- [Source data]:
┄┄┄┄┄┄┄┄┄┄┄┄┄┄┄┄┄┄┄┄

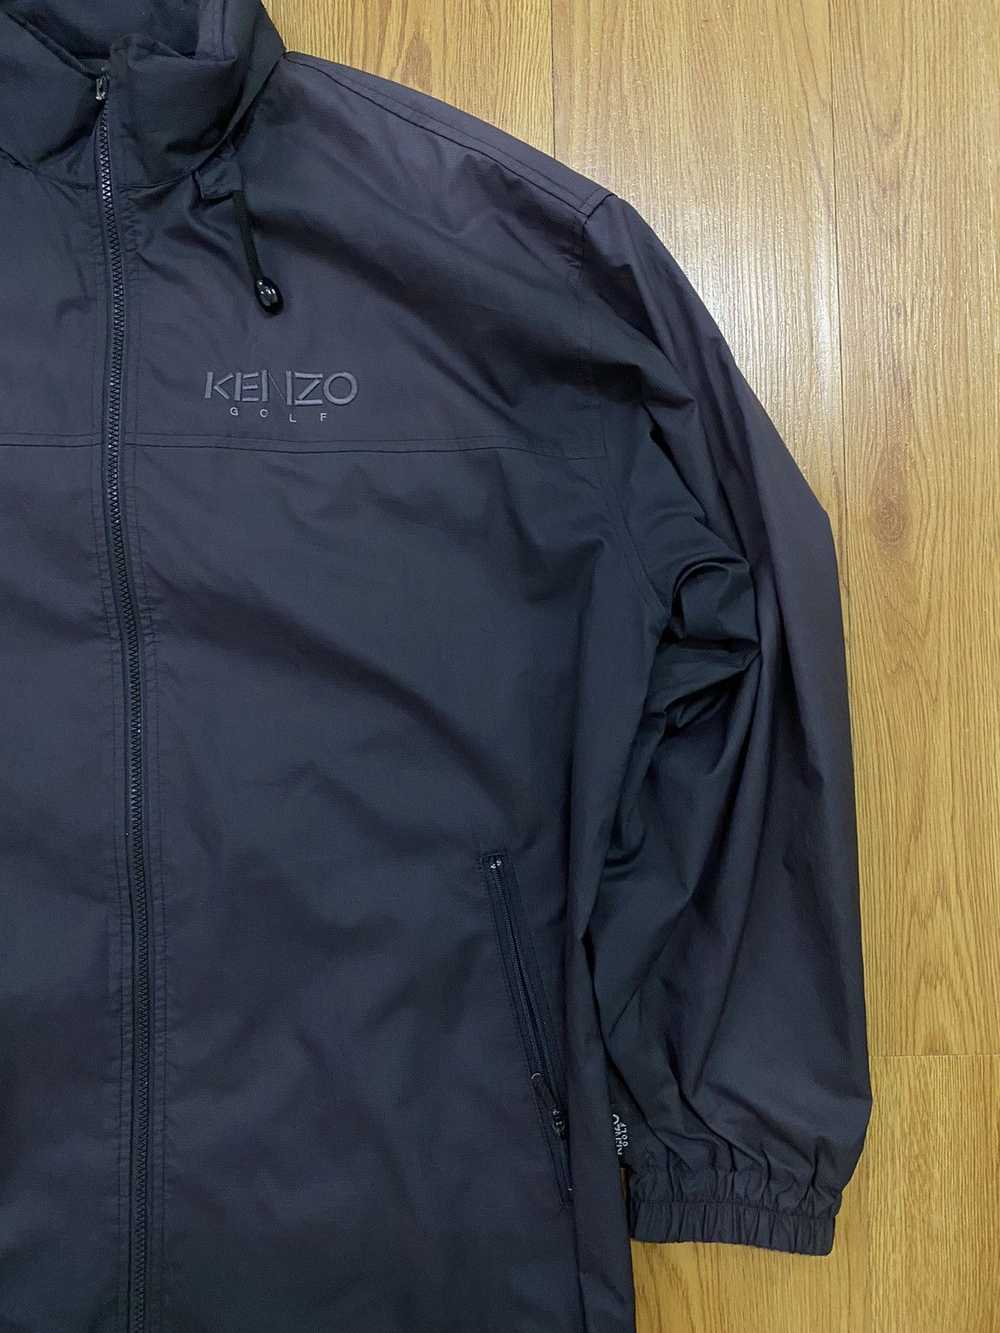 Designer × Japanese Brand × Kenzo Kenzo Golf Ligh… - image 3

┄┄┄┄┄┄┄┄┄┄┄┄┄┄┄┄┄┄┄┄

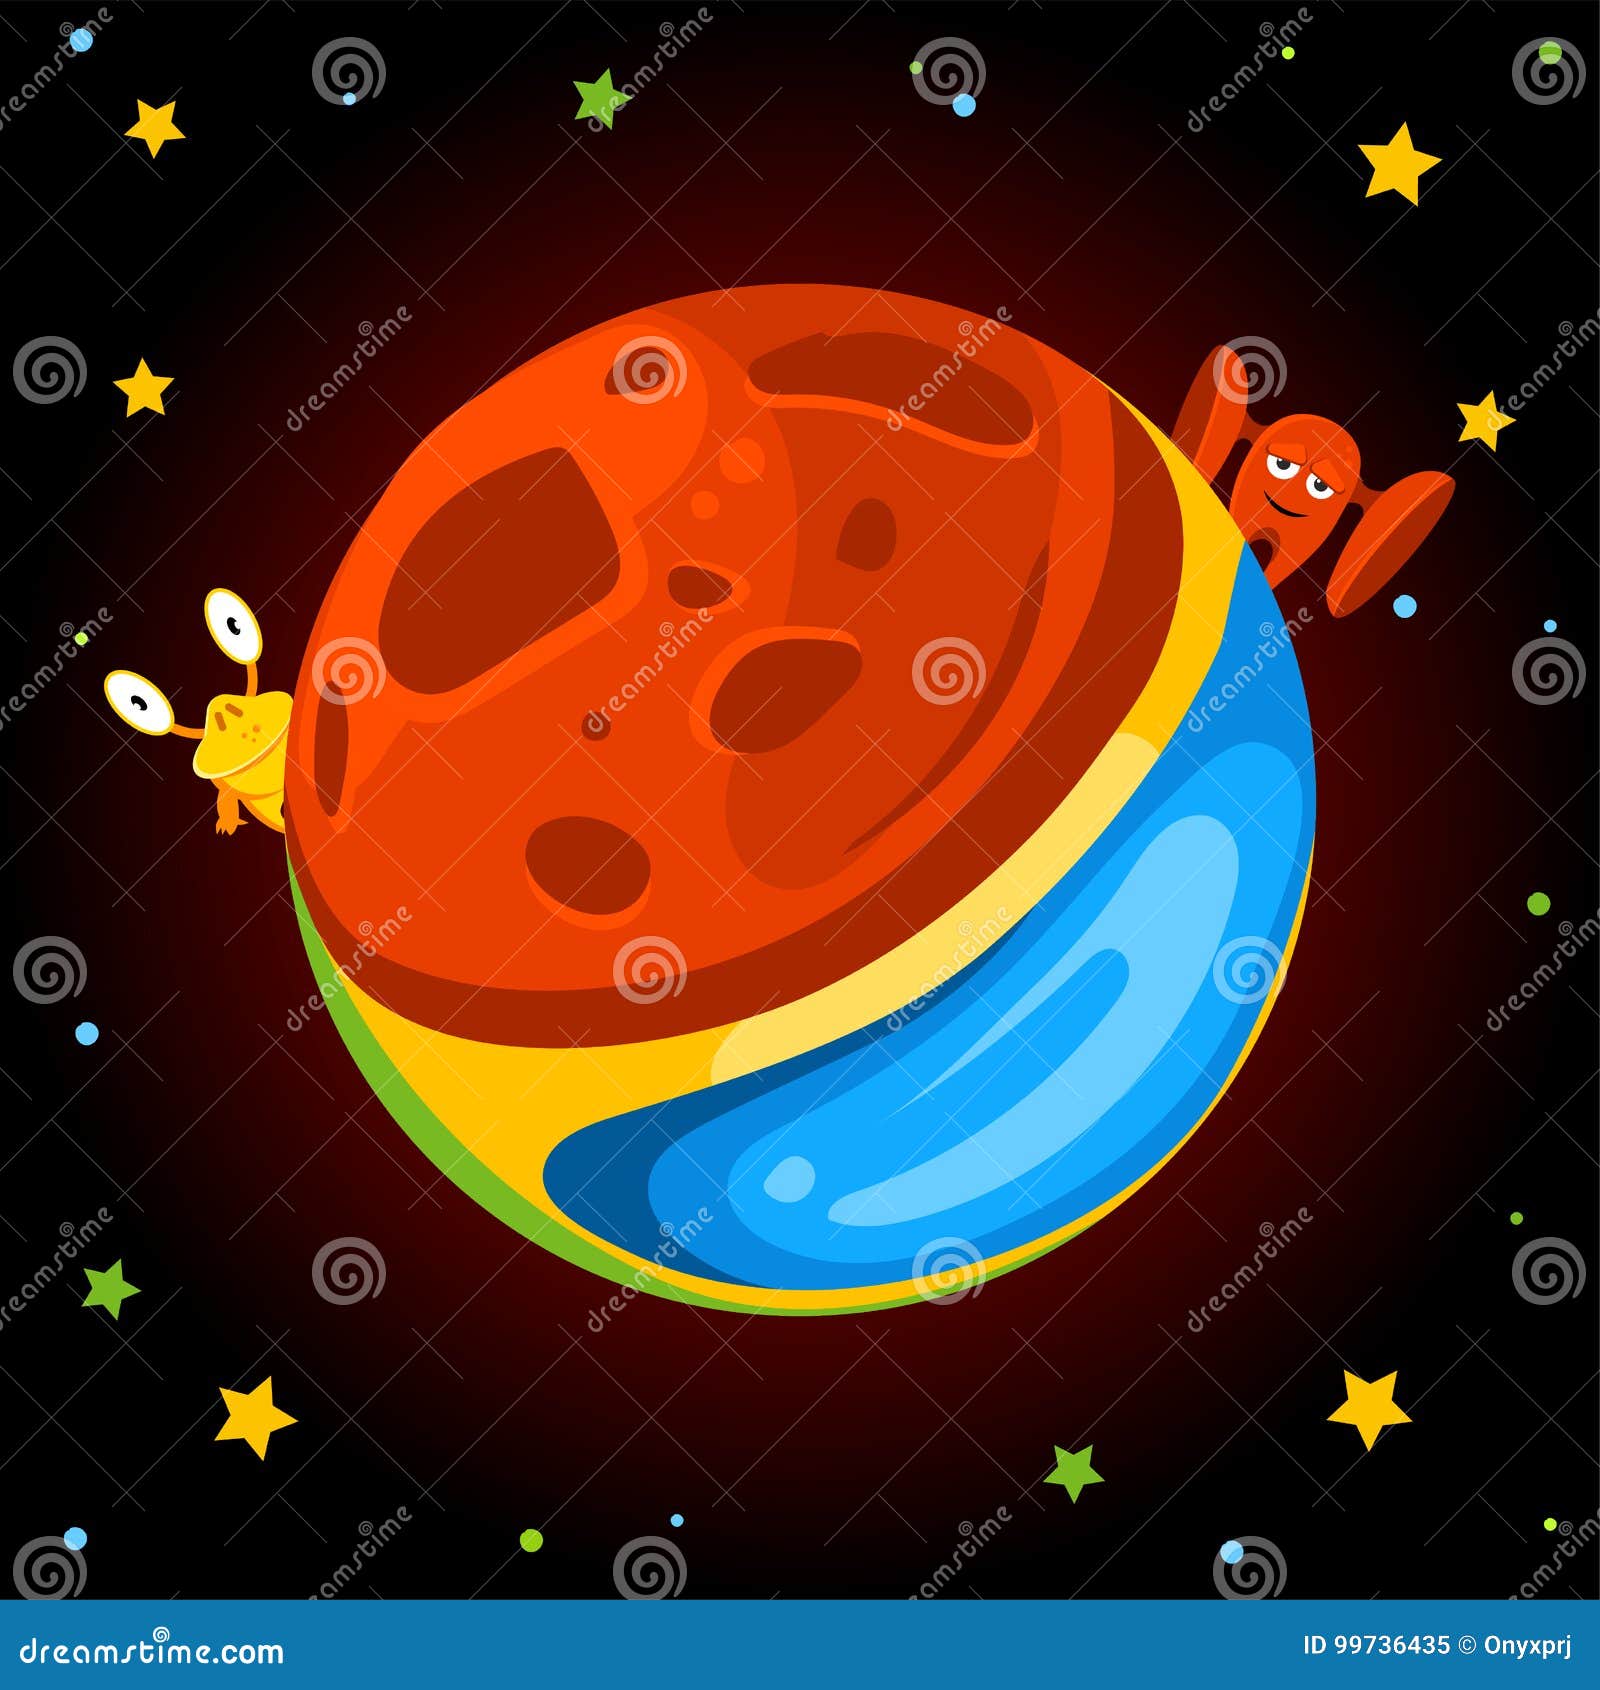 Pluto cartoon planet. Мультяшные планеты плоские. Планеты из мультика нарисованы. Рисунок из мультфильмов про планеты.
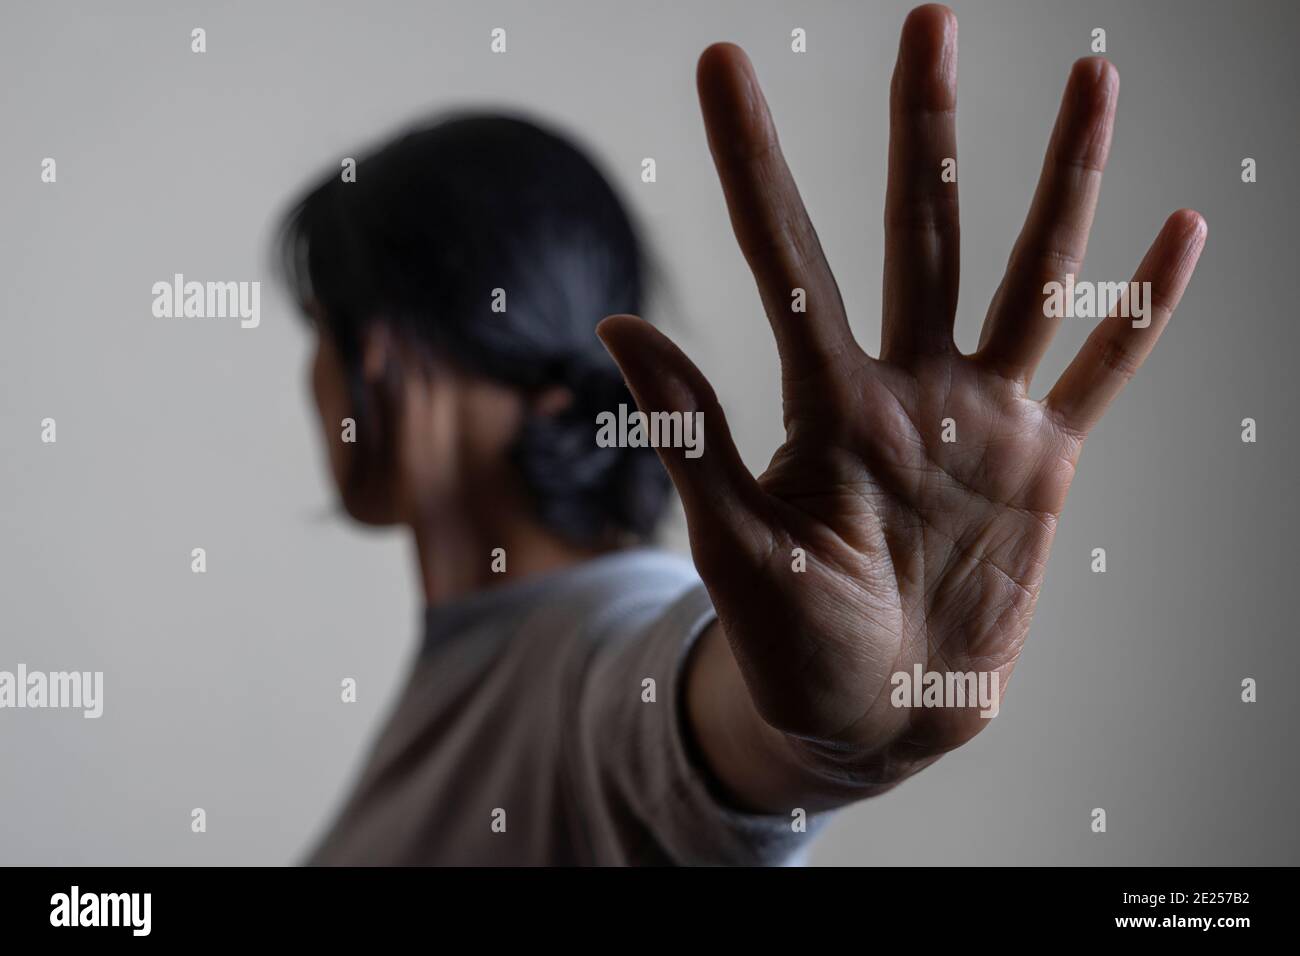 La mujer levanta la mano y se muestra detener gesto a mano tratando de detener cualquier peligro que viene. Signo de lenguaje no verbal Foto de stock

┄┄┄┄┄┄┄┄┄┄┄┄┄┄┄┄┄┄┄┄

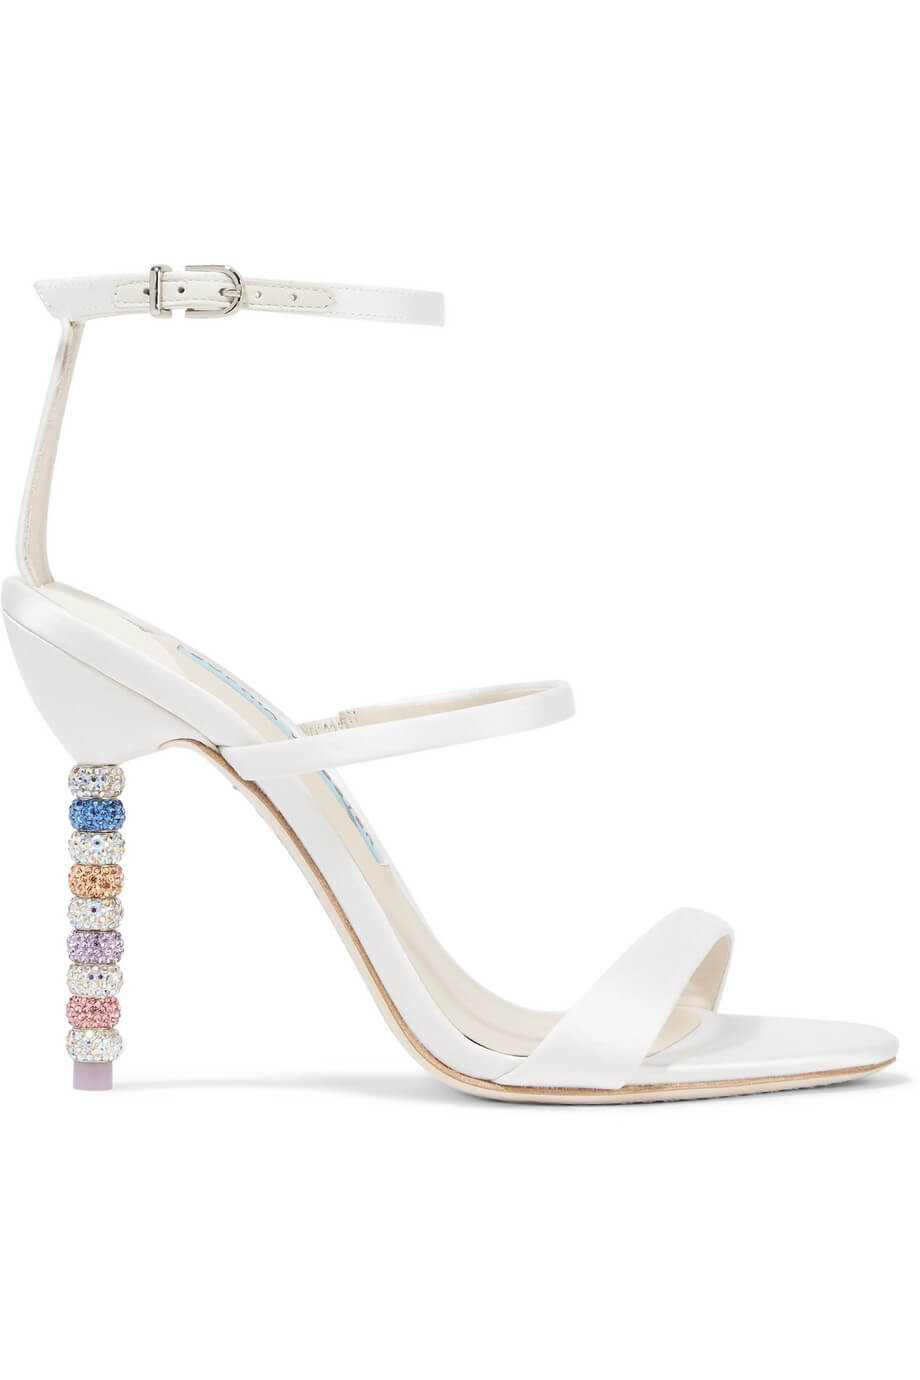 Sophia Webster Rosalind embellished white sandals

┄┄┄┄┄┄┄┄┄┄┄┄┄┄┄┄┄┄┄┄

- [What you should do]: Treat the line with "Pluto cartoon planet." as the start and the line with "La mujer levanta" as the end, and return exactly that span of the data above, both ends included, without pictures.

- [Task output]:
 Pluto cartoon planet. Мультяшные планеты плоские. Планеты из мультика нарисованы. Рисунок из мультфильмов про планеты.
 La mujer levanta la mano y se muestra detener gesto a mano tratando de detener cualquier peligro que viene. Signo de lenguaje no verbal Foto de stock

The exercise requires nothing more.